==== Data provided ====

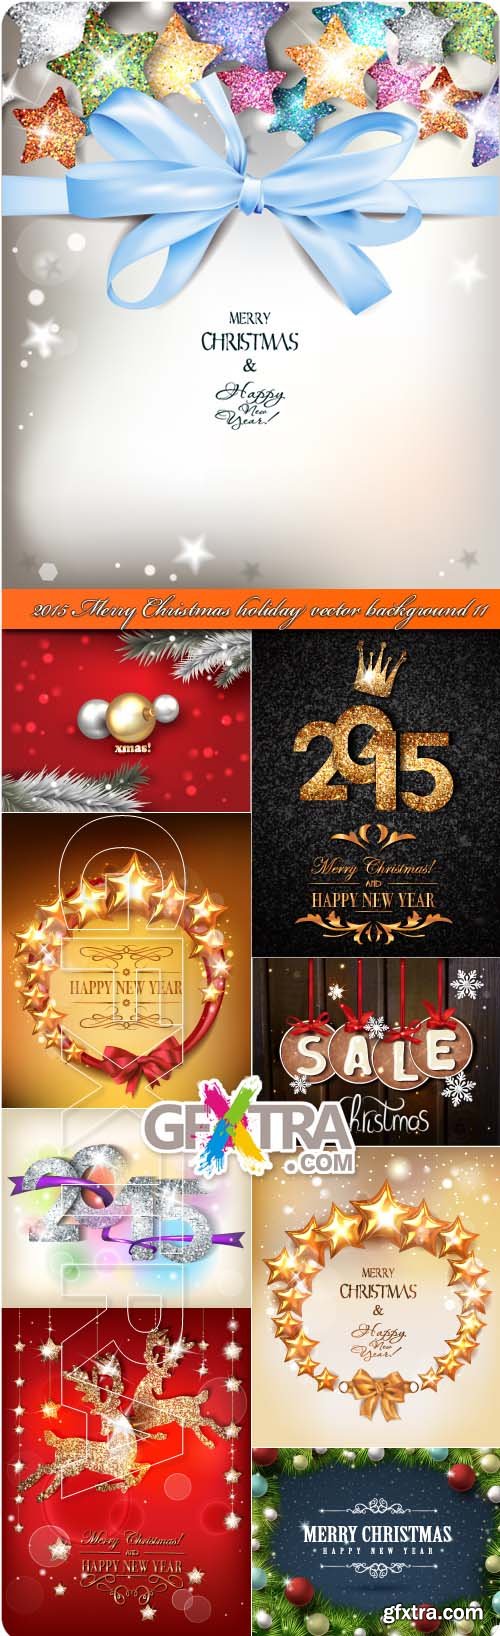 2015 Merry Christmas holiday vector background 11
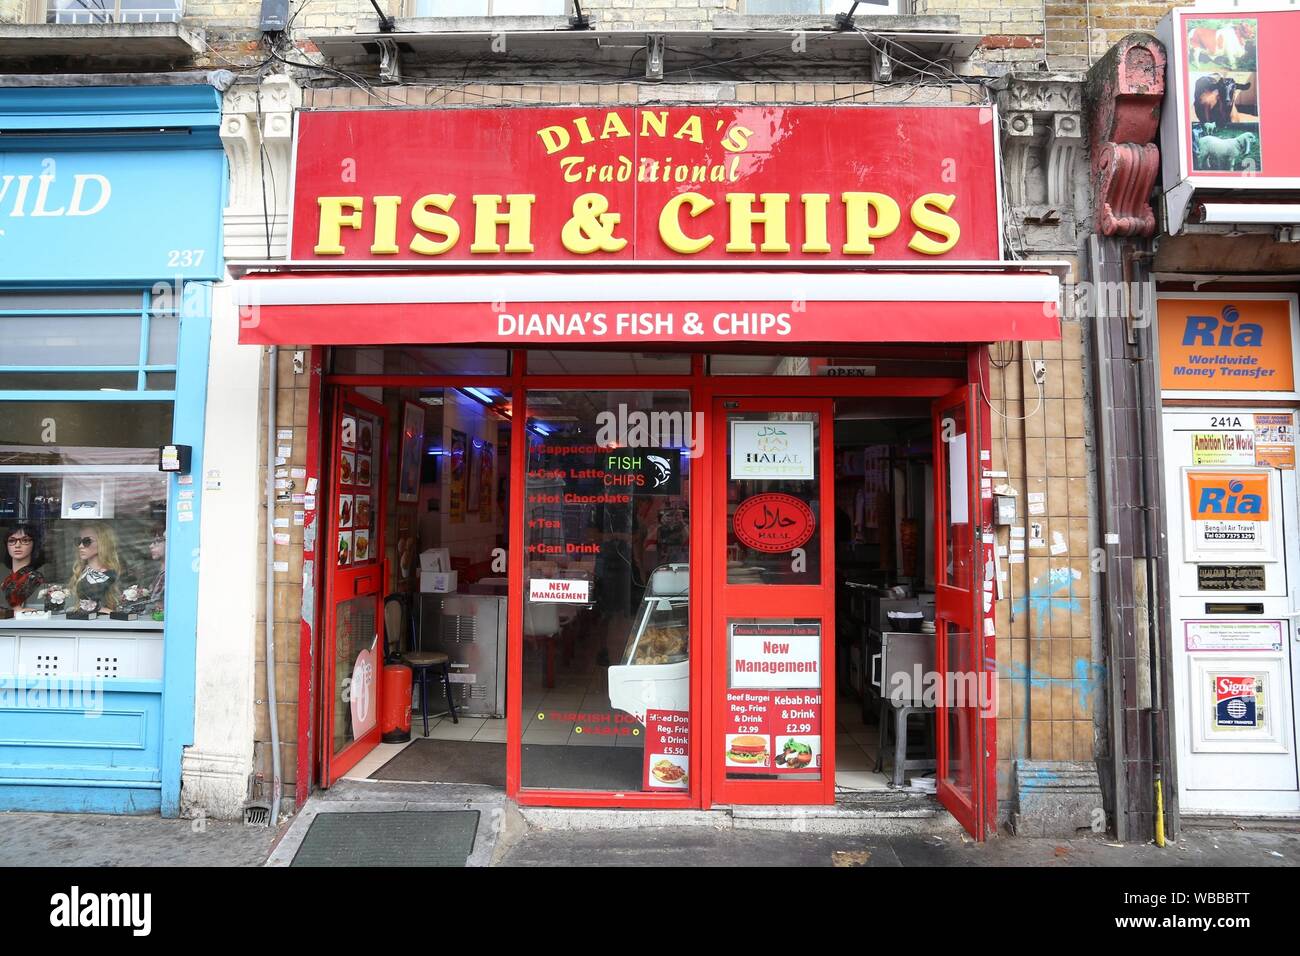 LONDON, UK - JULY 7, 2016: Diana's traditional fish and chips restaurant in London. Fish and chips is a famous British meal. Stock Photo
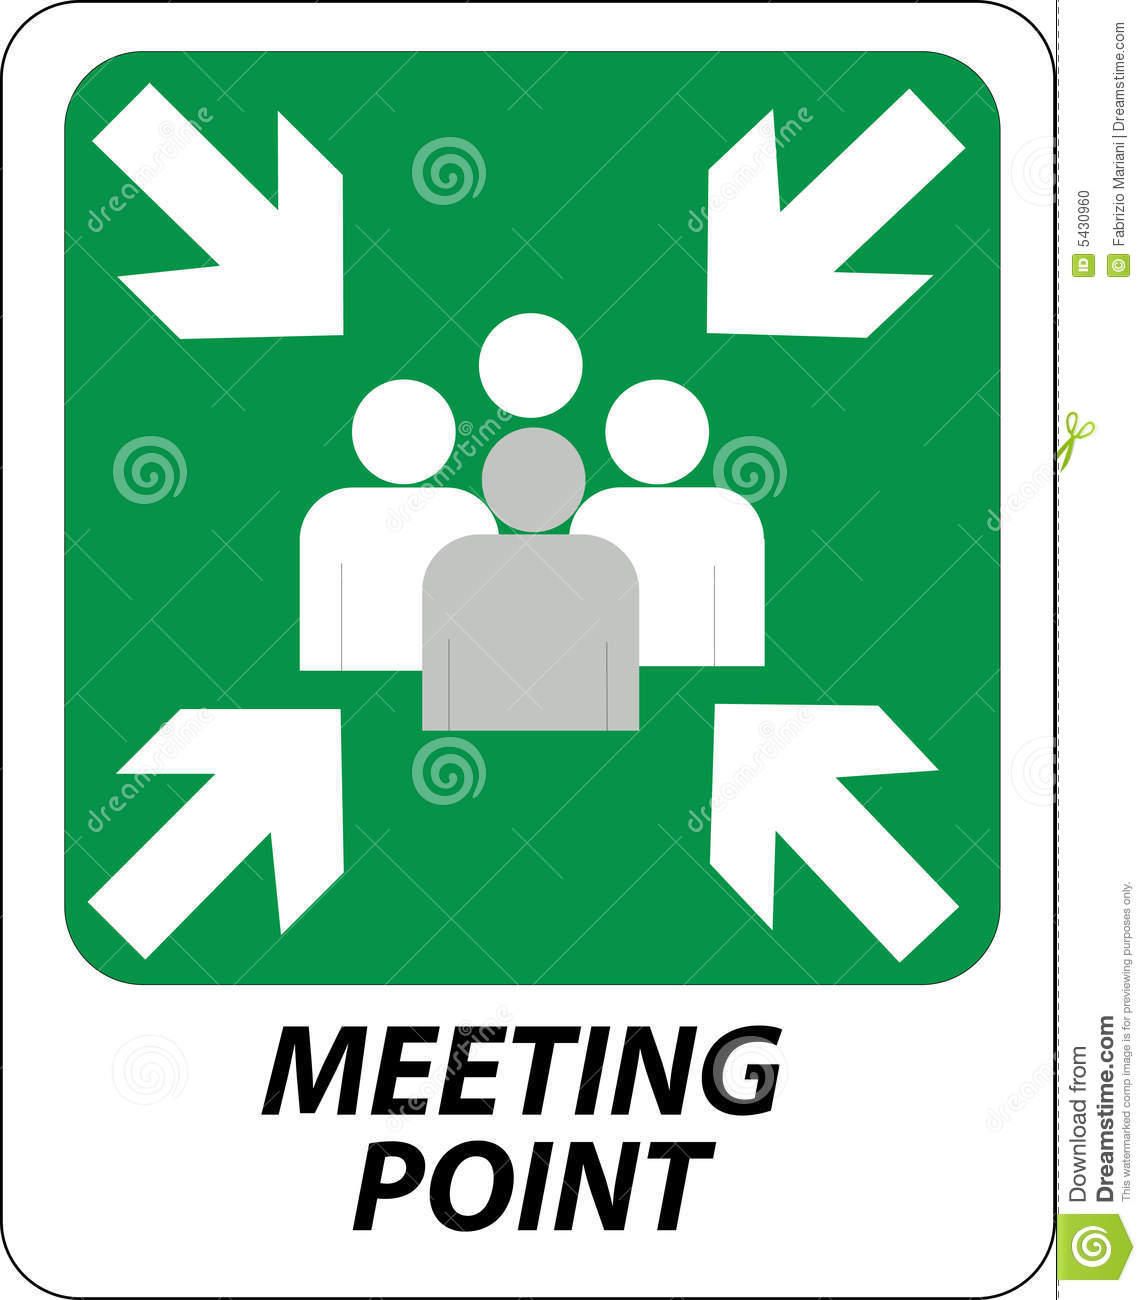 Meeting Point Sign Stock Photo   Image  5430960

====

▶ **What you are asked to do**: The material must be restated verbatim. Its pictures must be omitted.

▶ **Solution for this task**:
 2015 Merry Christmas holiday vector background 11
 LONDON, UK - JULY 7, 2016: Diana's traditional fish and chips restaurant in London. Fish and chips is a famous British meal. Stock Photo
 Meeting Point Sign Stock Photo   Image  5430960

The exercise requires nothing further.